Cherdonna Shinatra is the stage name of Jody Kuehner (born ), a Seattle-based, American dancer, drag queen and performance artist. Kuehner won the Stranger Genius Award in Performance in 2015.

Career

Performance style 
Kuehner has been called a "female impersonator impersonator" and describes her own performance as Cherdonna as "a female-bodied person, presenting as a male-bodied person, presenting as a female". She has been mistaken for a man by some audience members who don't expect to see the "exaggerat[ed] femininity" displayed by a drag persona to have a female body. After a performance in Seattle she had her breasts grabbed by a person who expected to find a prosthetic, and she performed onstage several times with a male partner before he realized she was not also male.

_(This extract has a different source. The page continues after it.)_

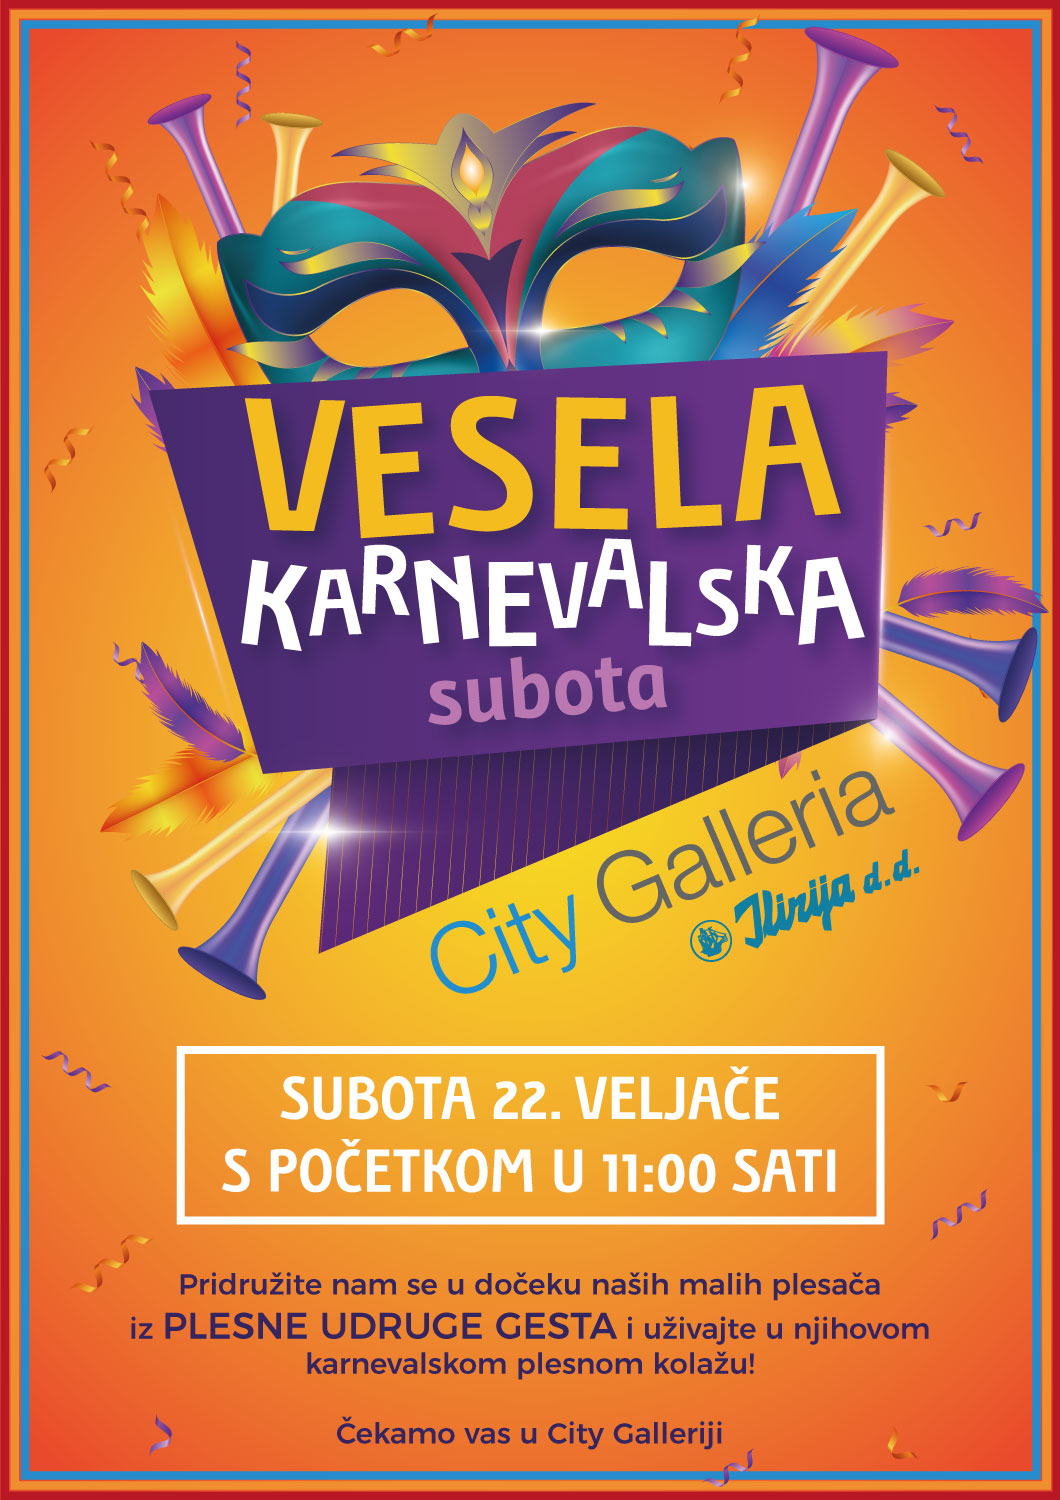 Vesela-karnevalska-subota-B1

Keuhner incorporates many elements into her performances, including dance, theater, drag, burlesque, glitter, celebrity impersonations, audience interaction, and clowning.

Performances and achievements 
Kuehner was part of a 2014–2015 multidisciplinary exhibition at Frye Art Museum in Seattle. In 2017 she was an Artist Trust Fellowship recipient, and the 2017 Henry Art Gallery Artist in Residence.

She was a member of the Pat Graney Dance Company from 2007 to 2016 and assisted in Graney's FTK Prison Project. Kuehner is a performer with the touring cabaret and burlesque company Kitten n Lou Presents as a member of The Atomic Bombshells.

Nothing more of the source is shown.